Very nice. I hate those stupid toyota factory amps. On the older cars they were just right behind the radio and you could just unplug it when doing a deck. But I know that I have had a few nightmares when integrating the Parrots. I remember a Lexus that I swear wanted to make me throw something.


----------



## SQ4ME2 (Jul 22, 2007)

thats why they continue to sell tools, because they continue to make crappy amped systems. everybody say it together "if you don't come and see us today, your factory system will still sound like ****".


----------



## Attack eagle (Nov 18, 2006)

AWC said:


> excellent tutorial, thanks


yeah, this is the best DIY i have ever seen.

the detail in your descriptions, the photographs, plus the pinouts so we are not slaves to some 3rd party wire adapter company for install.

all top notch.

+5 rep. 

:rimshot:


----------



## SQ4ME2 (Jul 22, 2007)

the trick is to use the line level signal wires coming out of the parrot and throw them into 2 dpdt relays and then use the parrot mute wires to trigger the relays. the colors of the parrot wires are as follows:
small skinny wires closest to power wires
white is left +
brown is left -
red is right +
black is right -
yellow is the mute trigger
remember you will not be using any of the other wires on the 24 pin connector except the 3 power wires.

i can get the other wires later


----------



## Attack eagle (Nov 18, 2006)

you mean something like this?

http://www.diymobileaudio.com/forum...th-device-into-your-amplified-car-stereo.html


----------



## JayinMI (Oct 18, 2008)

I know it's not a Toyota, but when I used to work for Circuit City, we were running cheaper Parrots for $149 installed.

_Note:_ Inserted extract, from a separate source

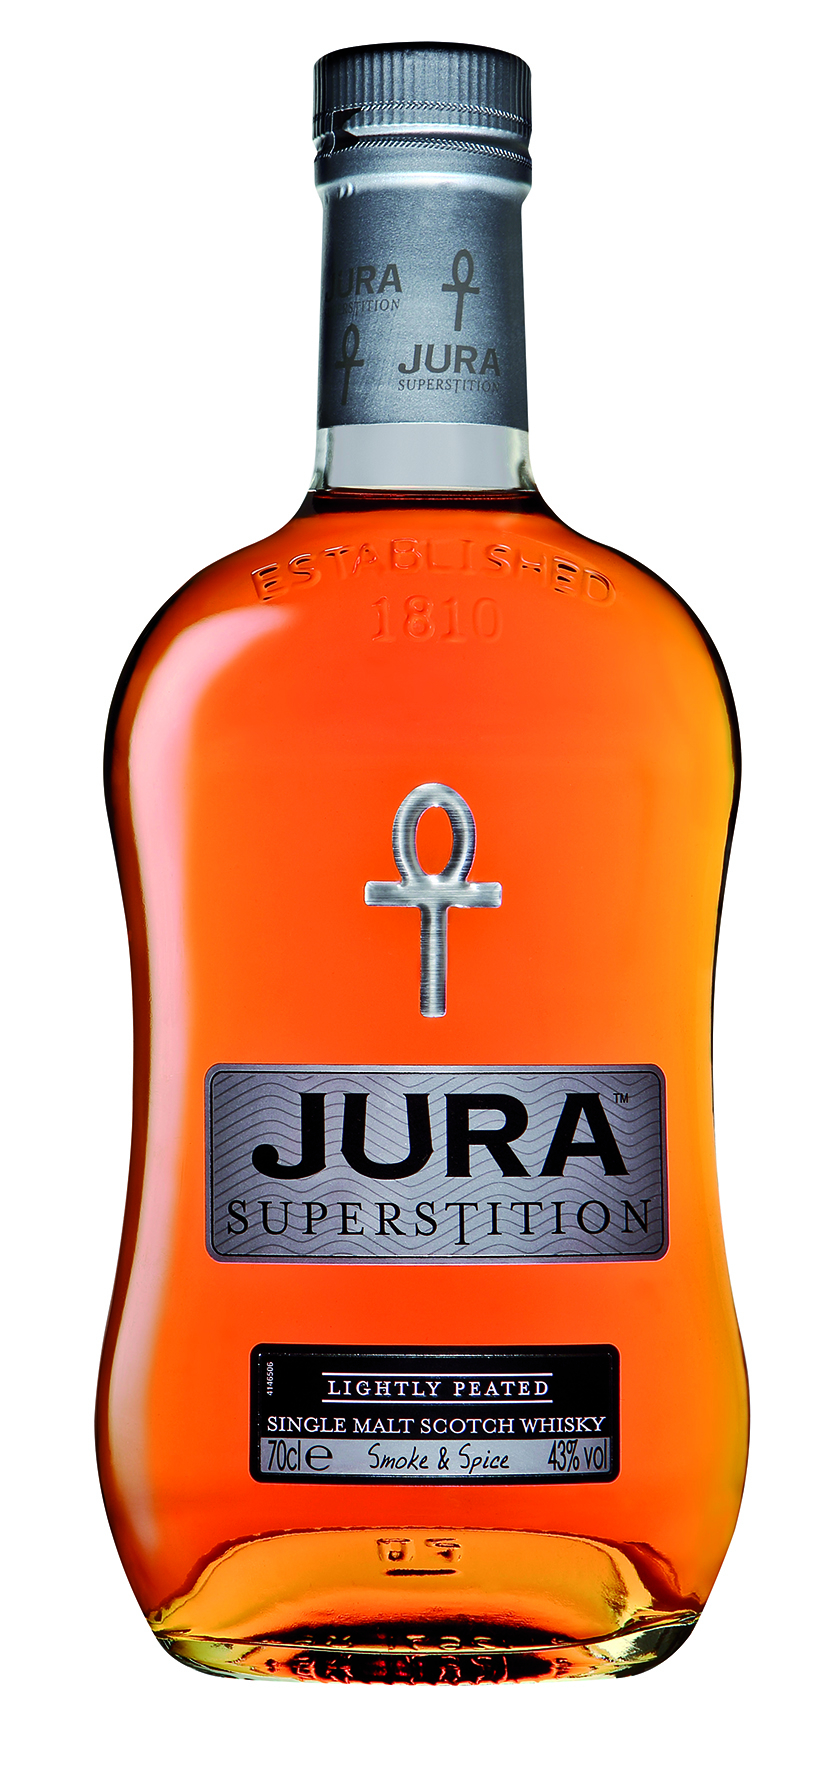 Isle of Jura Superstition Whisky

Of course the first 2 cars I got were a Cadillac SRX with Bose and an '06 Grand Prix with Monsoon.

The problem I had was that since both of these cars had more than 4 speakers (The Parrot only had 4 ins/outs) I had to figure out how to integrate on my own. 

So I used the mute wire to trigger a relay to interrupt power to the amp, and then fed my signal into the center channel speaker.

Worked great.

Thanks for the Toyota info...that will inevitably be useful.

Jay


----------